-- Dataset extract --

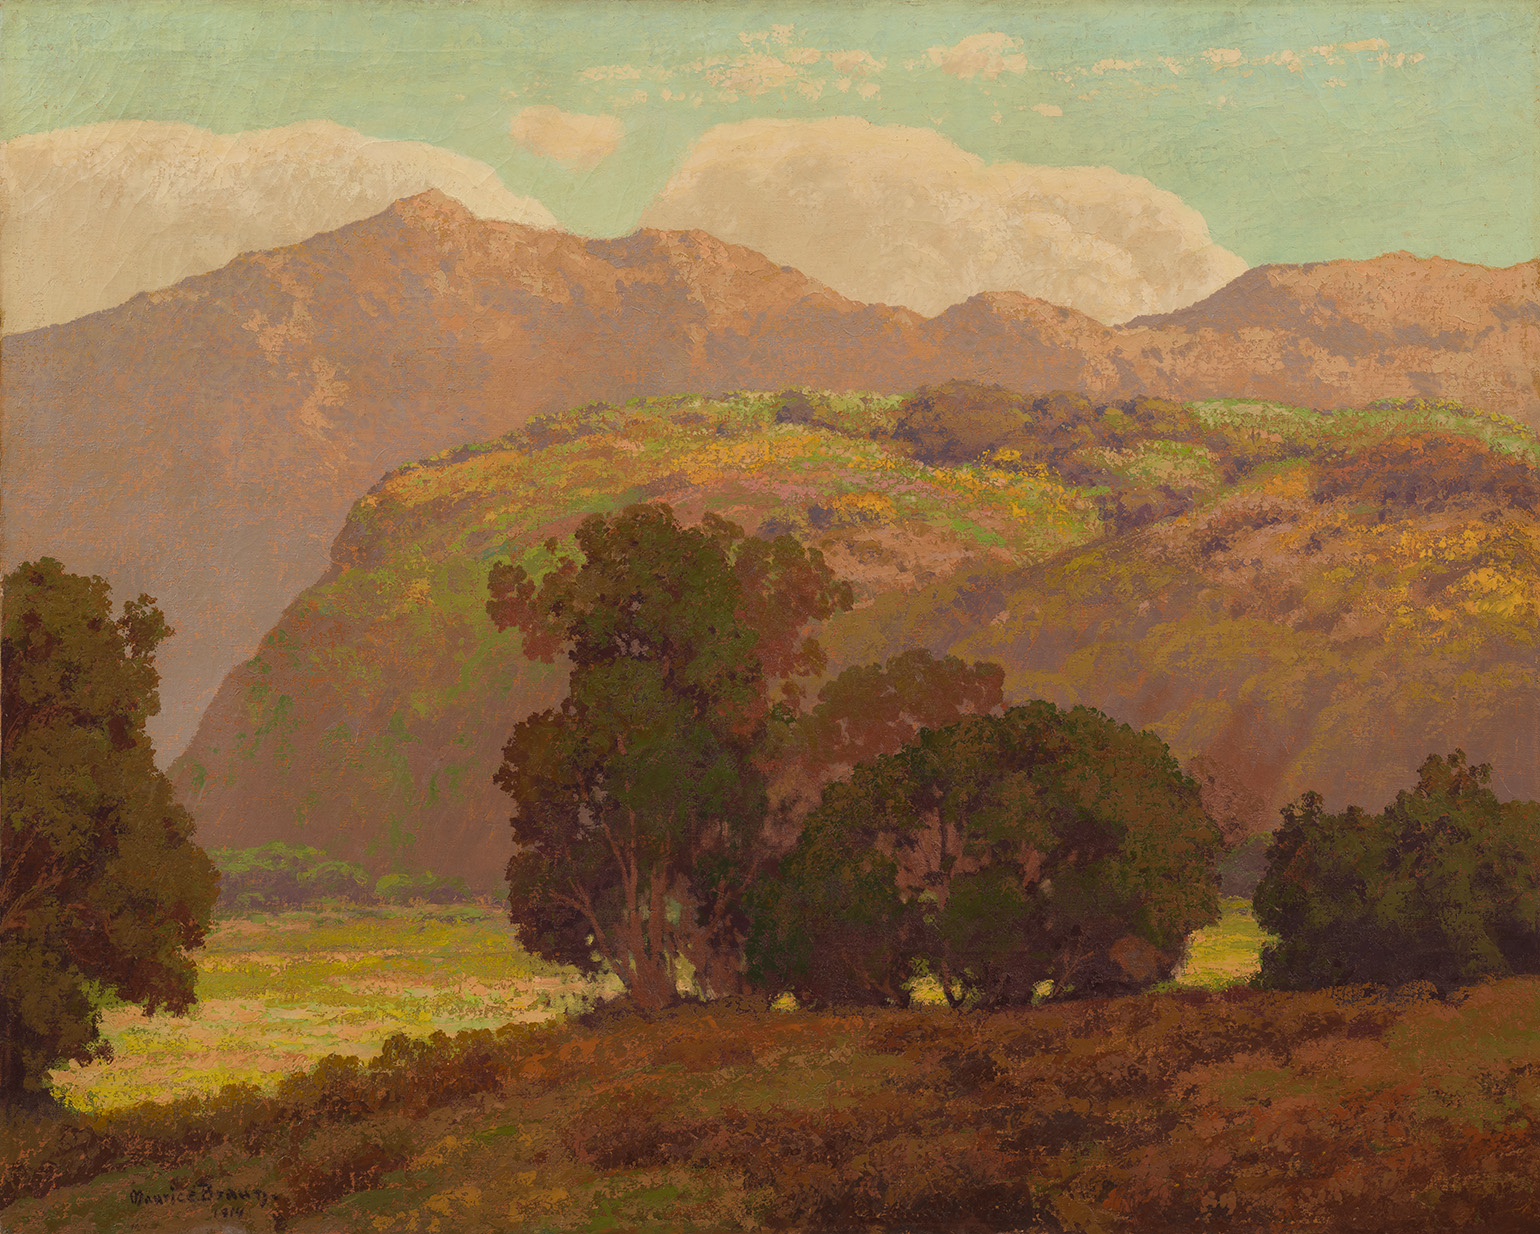 Maurice Braun, California Hills, 1914, Oil on canvas , 40 x 53 in. UC Irvine Institute and Museum of California Art, Gift of The Irvine Museum
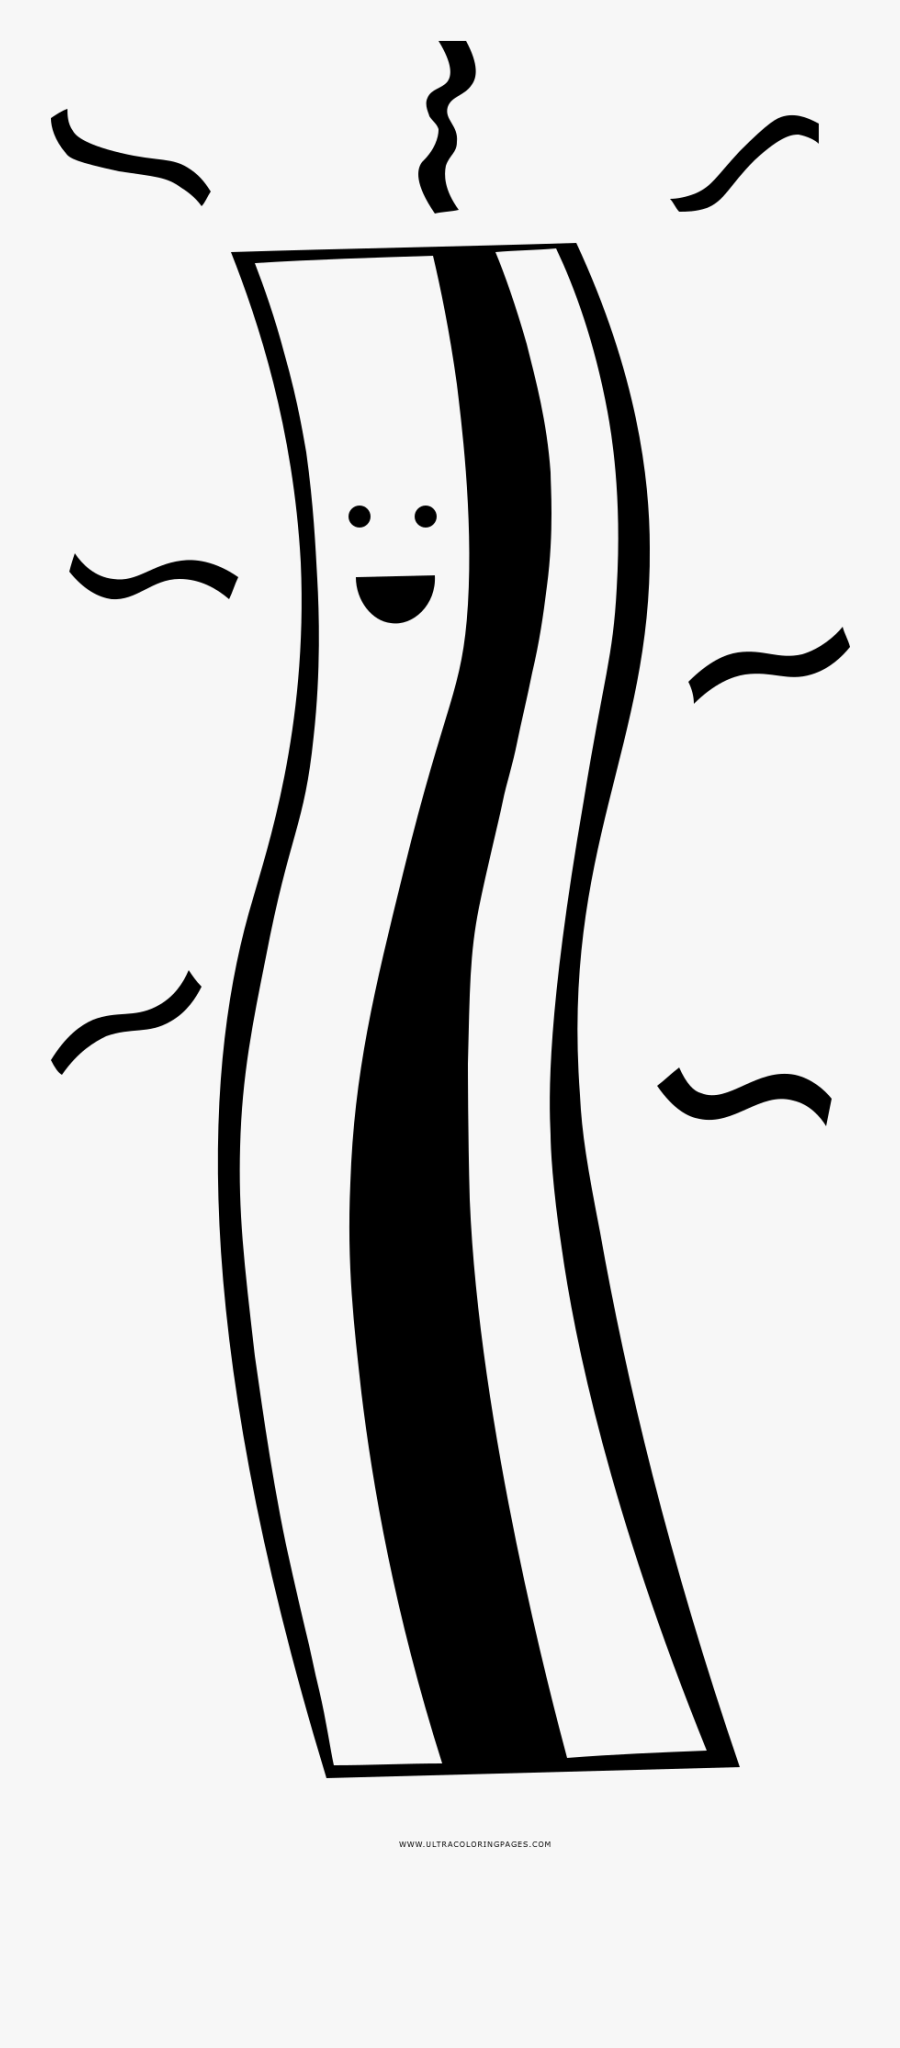 Sizzling Bacon Coloring Page - Bacon Coloring Pages, Transparent Clipart
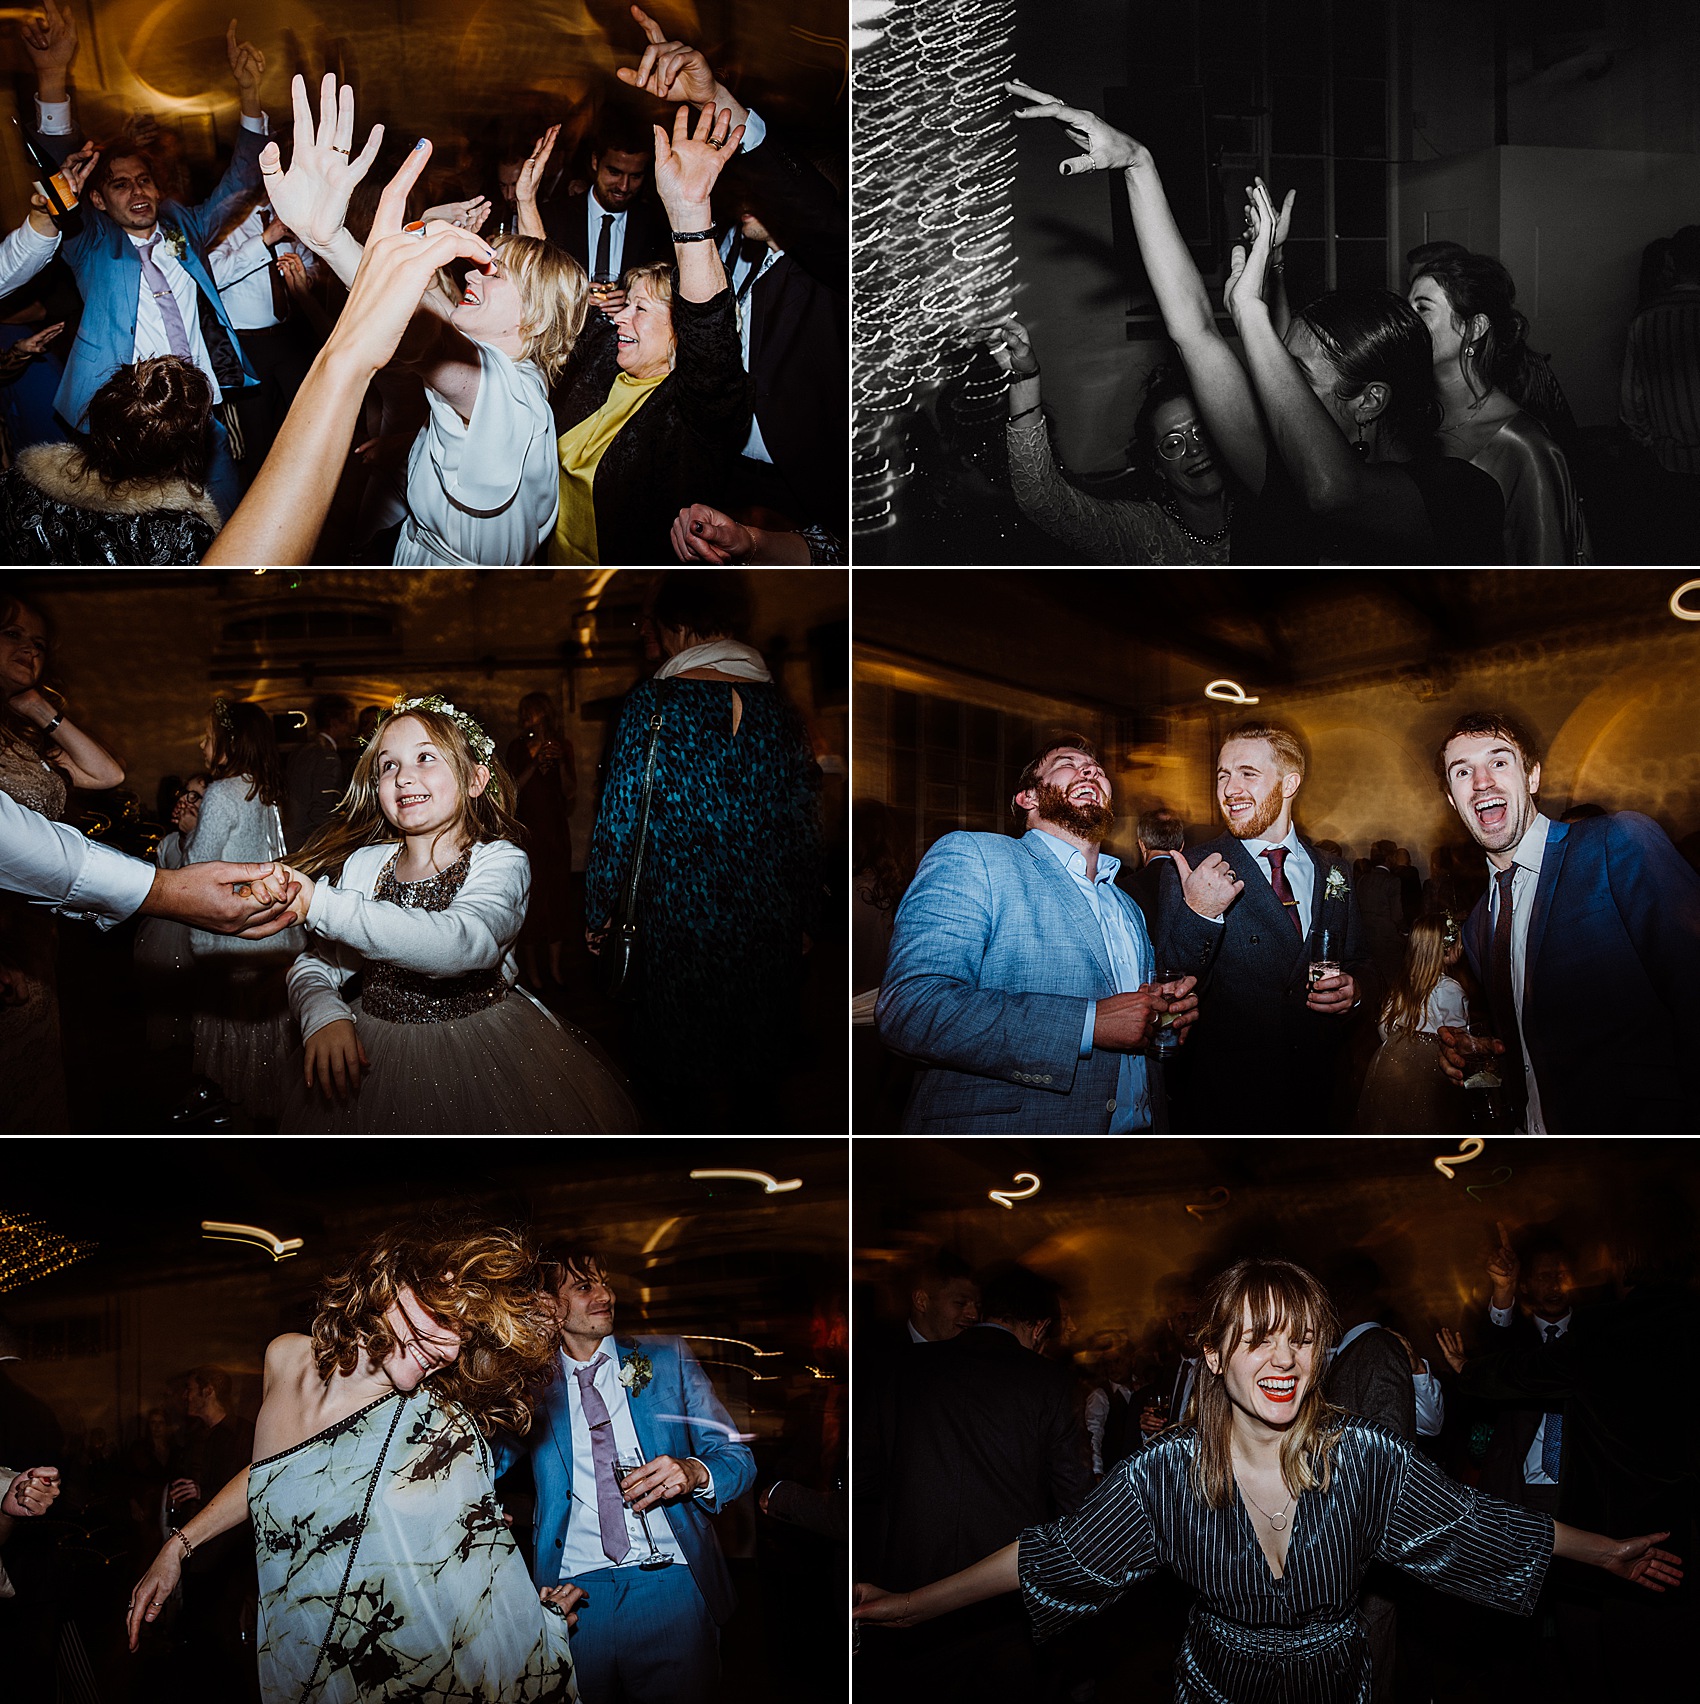 New York s loft party inspired wedding  - A 1970s Disco + New York Loft Party Inspired Winter Wedding at London Docklands
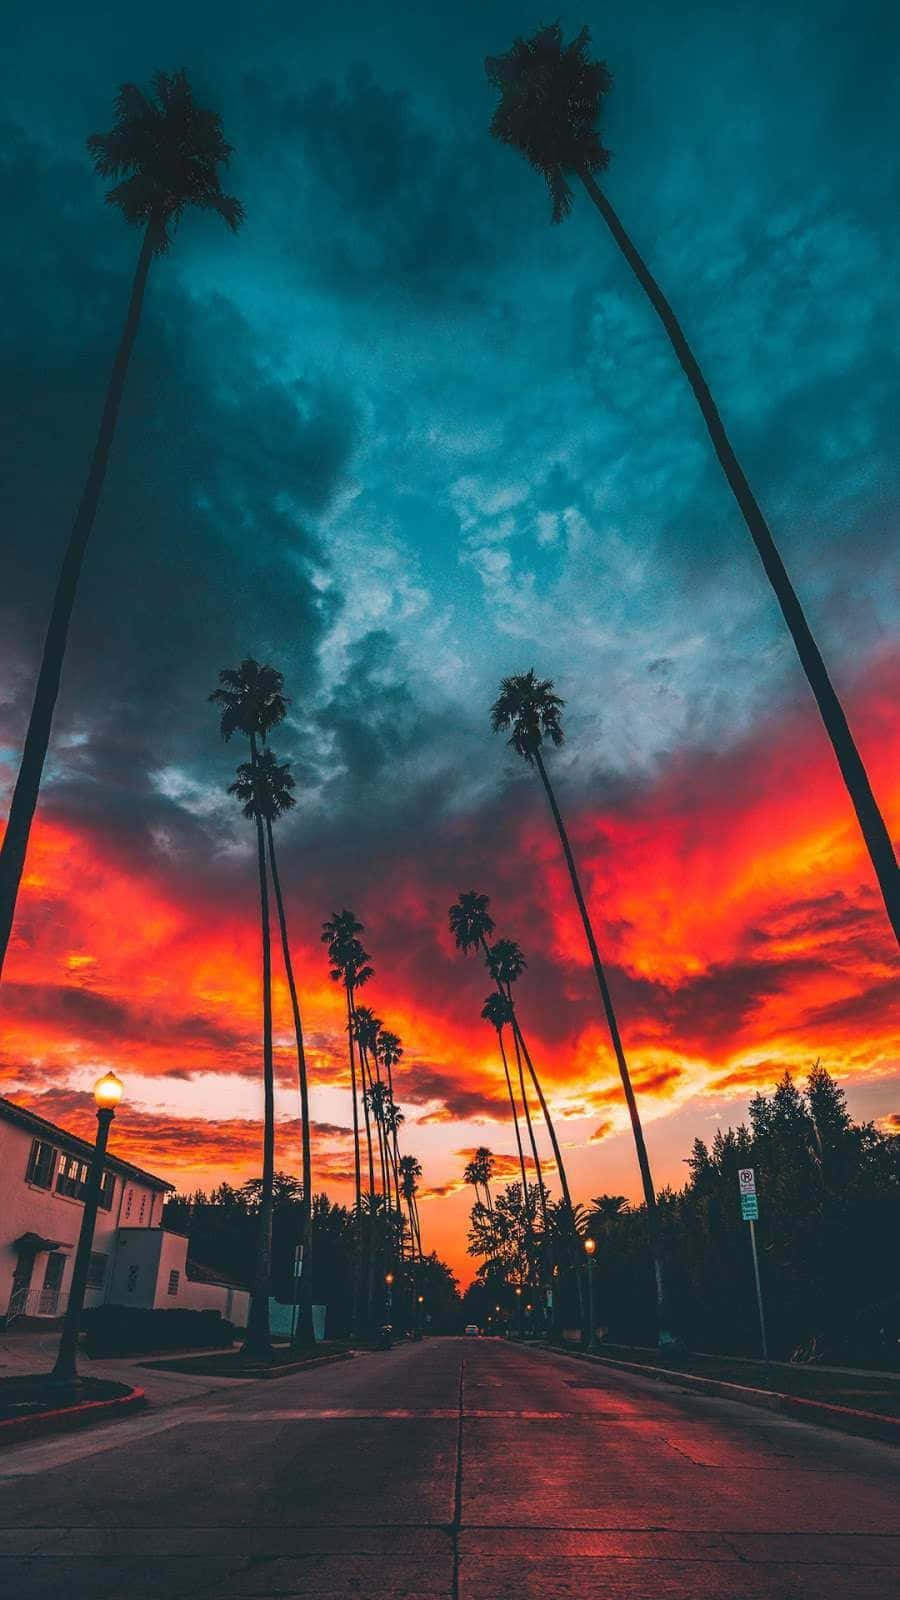 A Colorful Sunset With Palm Trees In The Background Wallpaper

-- Work required --
With pictures omitted, copy exactly the lines from the one containing "New York s loft" through the final line of the listing, both included.

-- Answer space --
 New York s loft party inspired wedding  - A 1970s Disco + New York Loft Party Inspired Winter Wedding at London Docklands
 A Colorful Sunset With Palm Trees In The Background Wallpaper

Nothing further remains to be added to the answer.